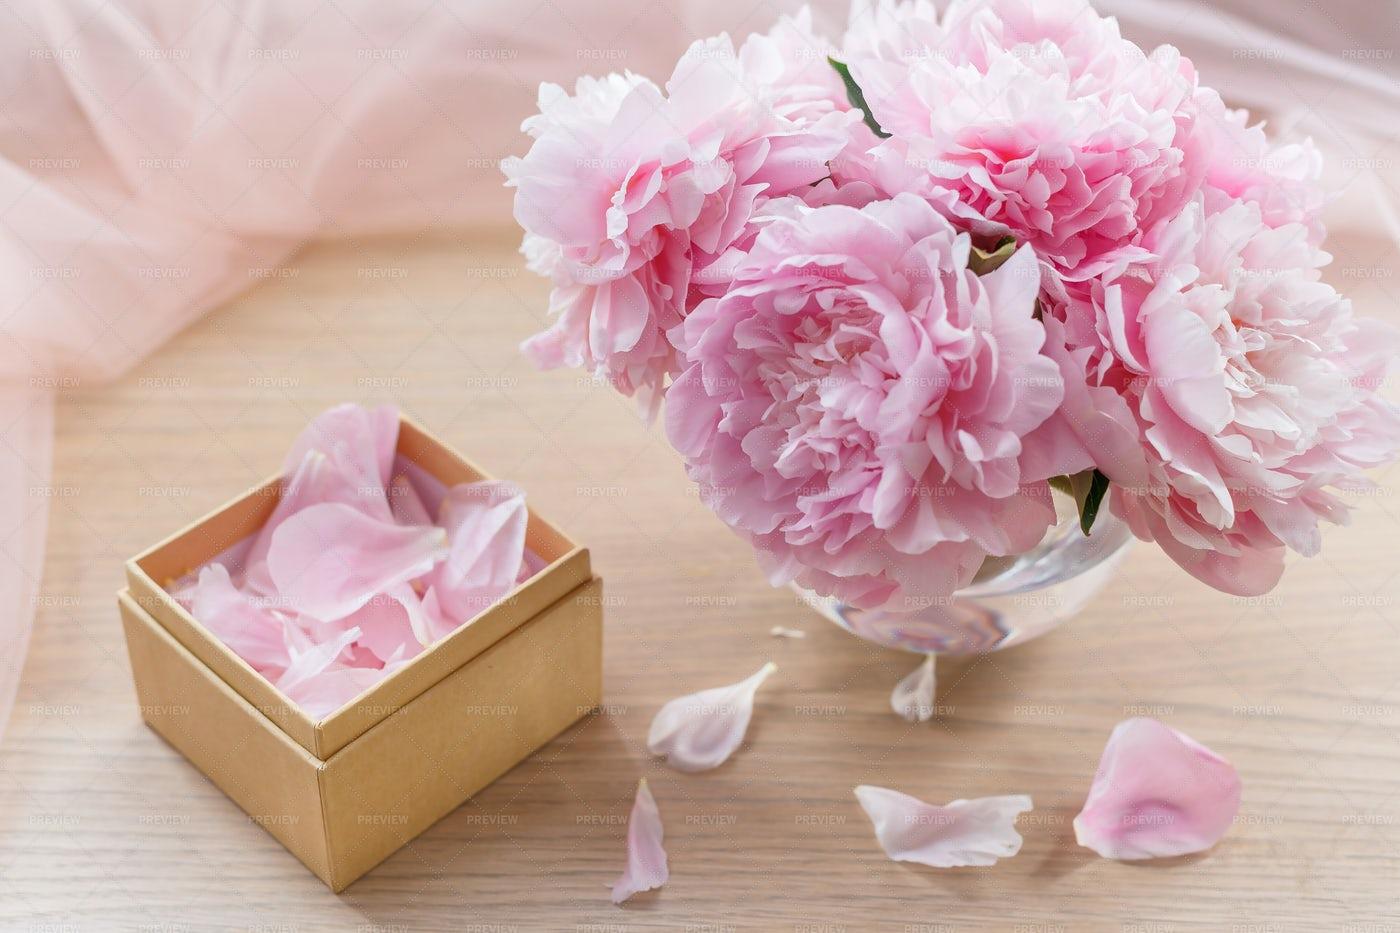 Peony Flowers And Petals: Stock Photos
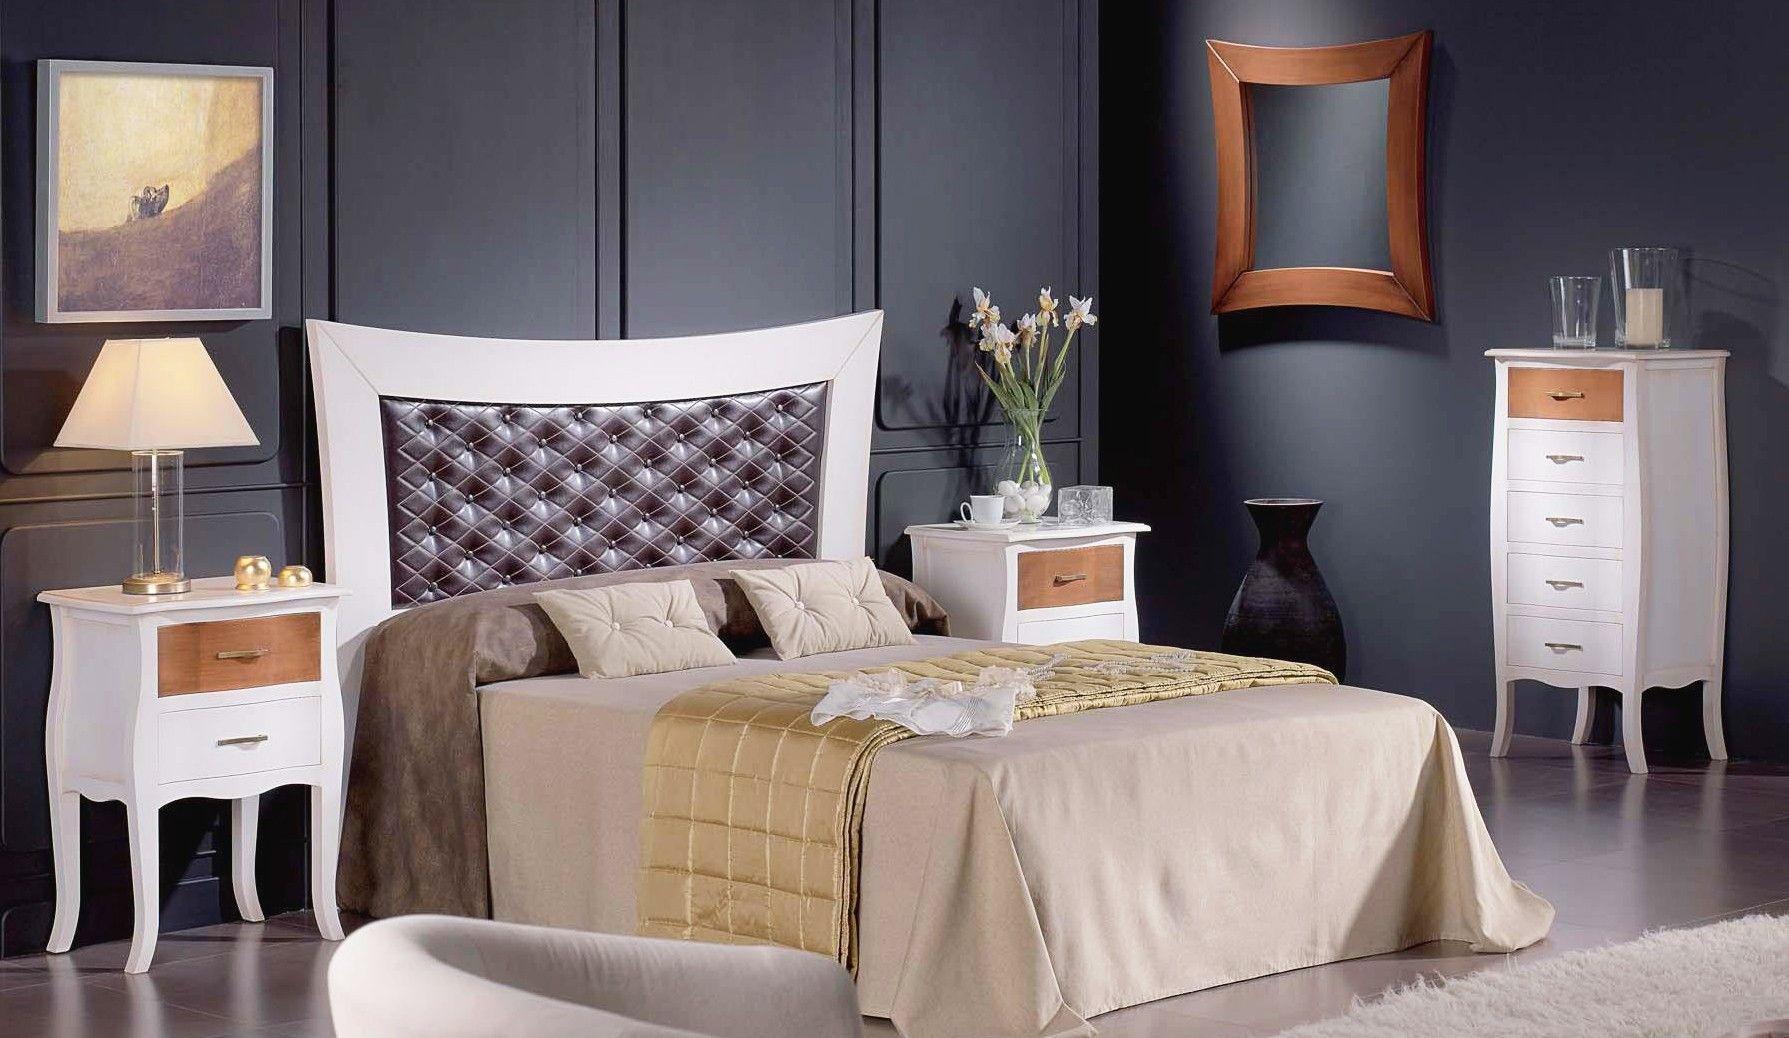 Matrimonio Bed Info : Dormitorio de matrimonio madera y polipiel pino
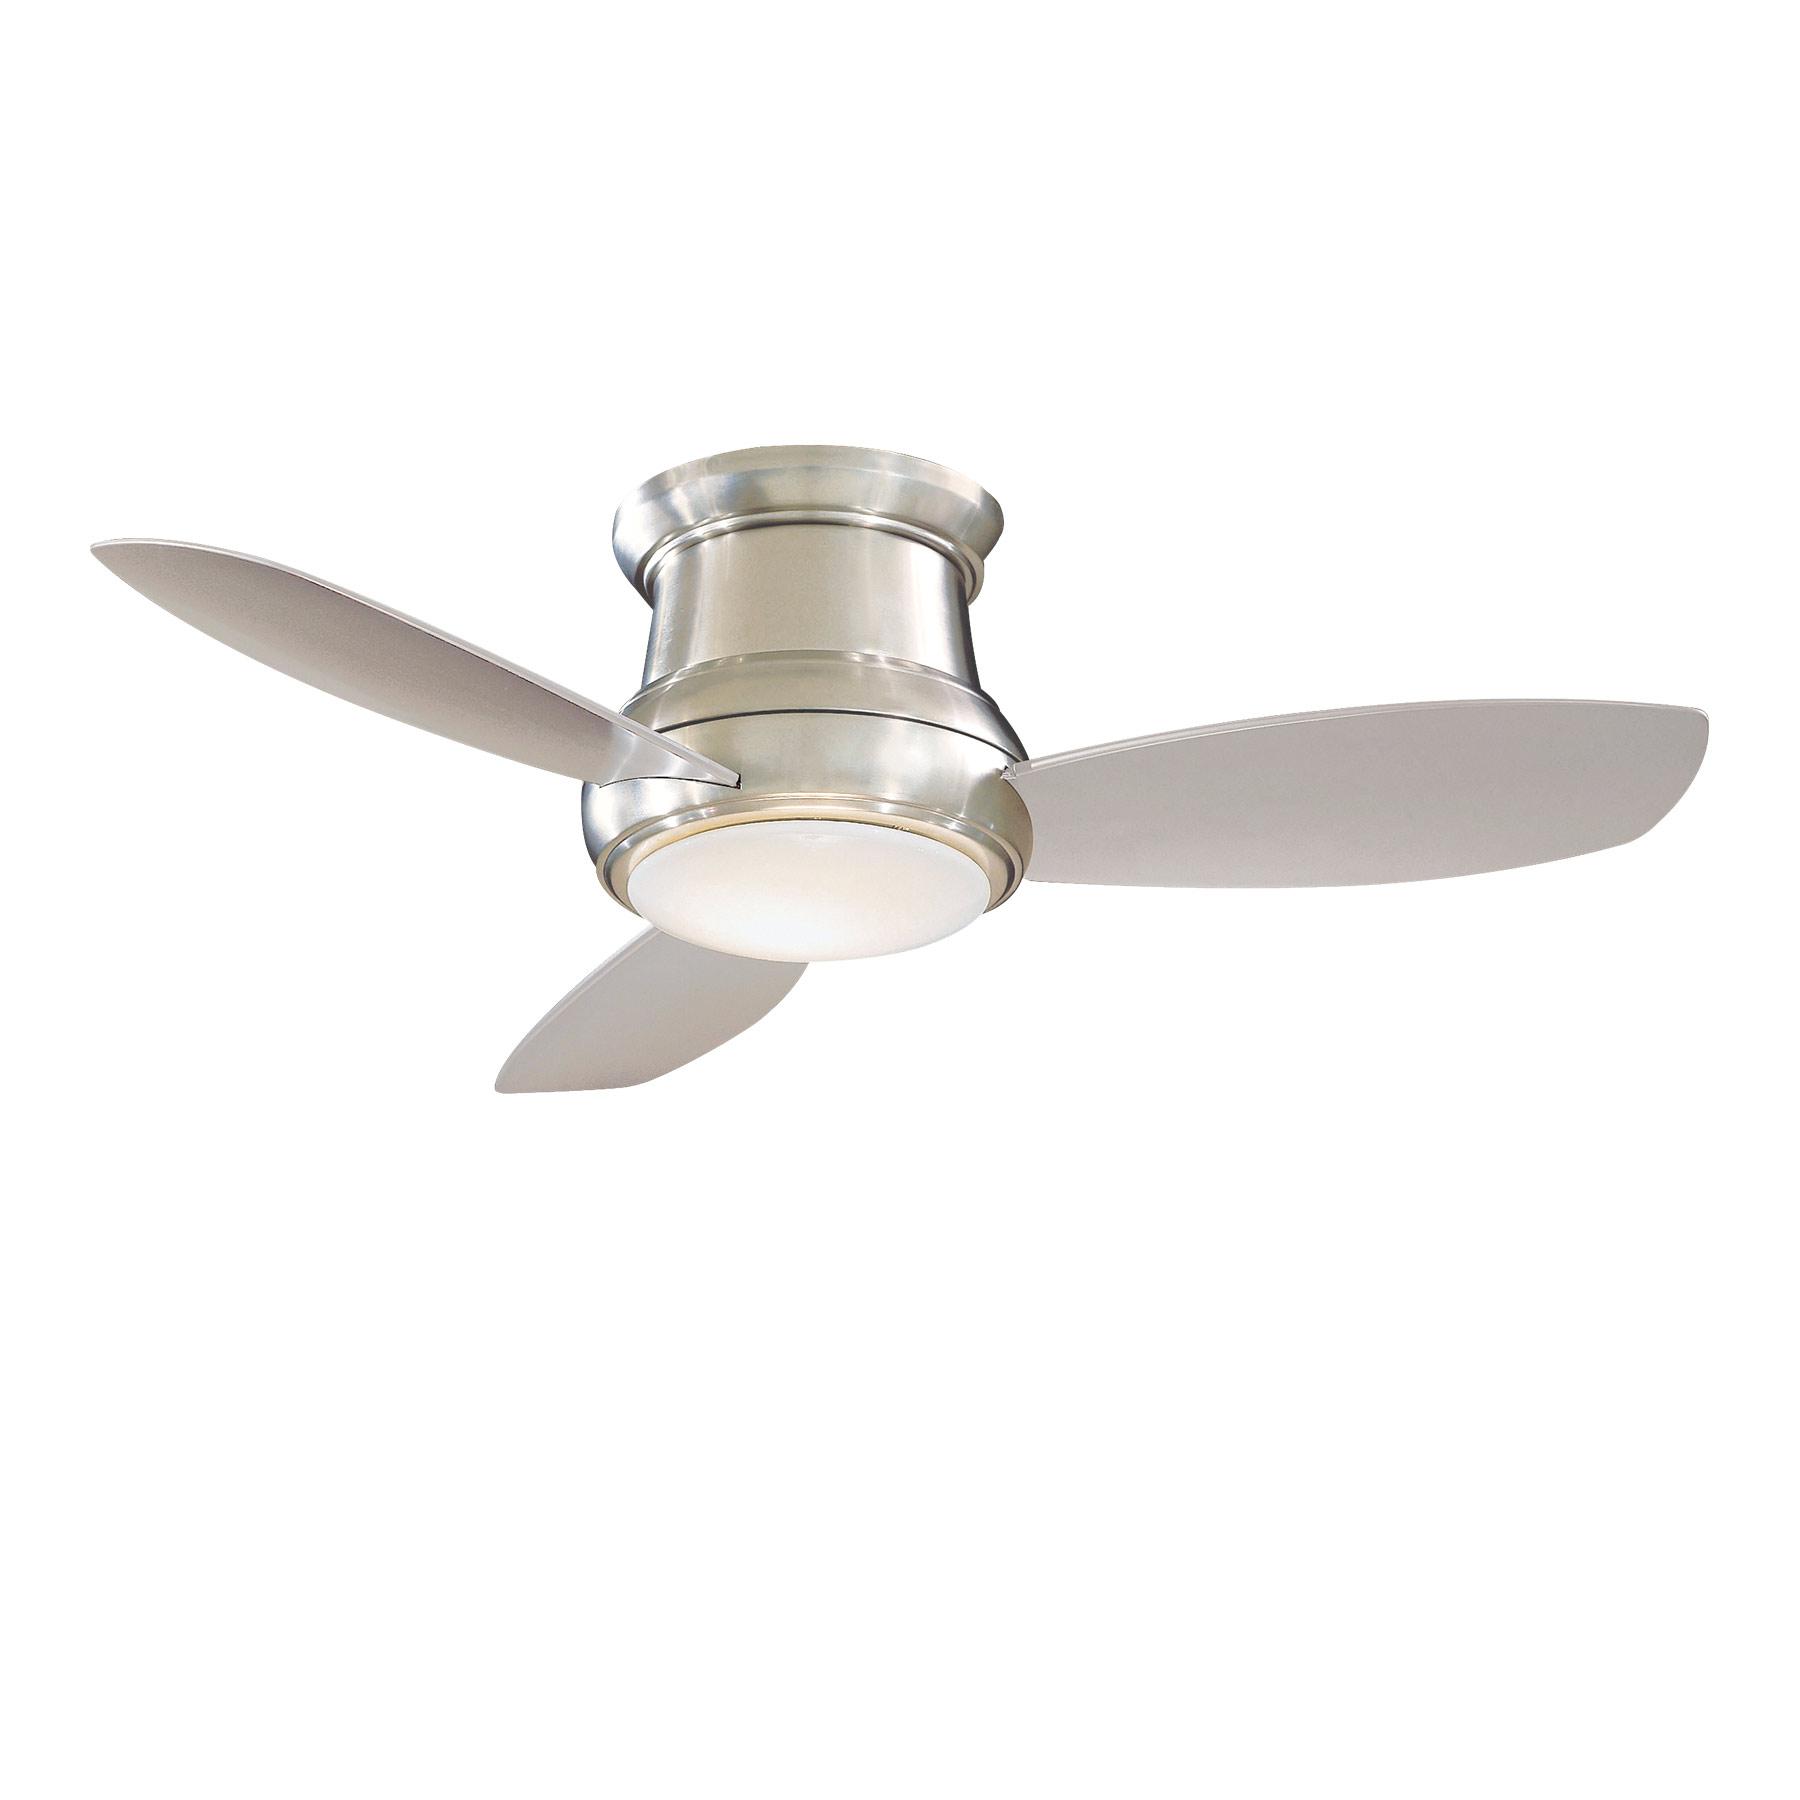 Concept II Ceiling Fan LED by Minka Aire | F518L-BN

● **WORK TASK**
Give all of the material again, exactly, apart from the pictures.

● **SOLUTION**
 Peony Flowers And Petals: Stock Photos
 Matrimonio Bed Info : Dormitorio de matrimonio madera y polipiel pino
 Concept II Ceiling Fan LED by Minka Aire | F518L-BN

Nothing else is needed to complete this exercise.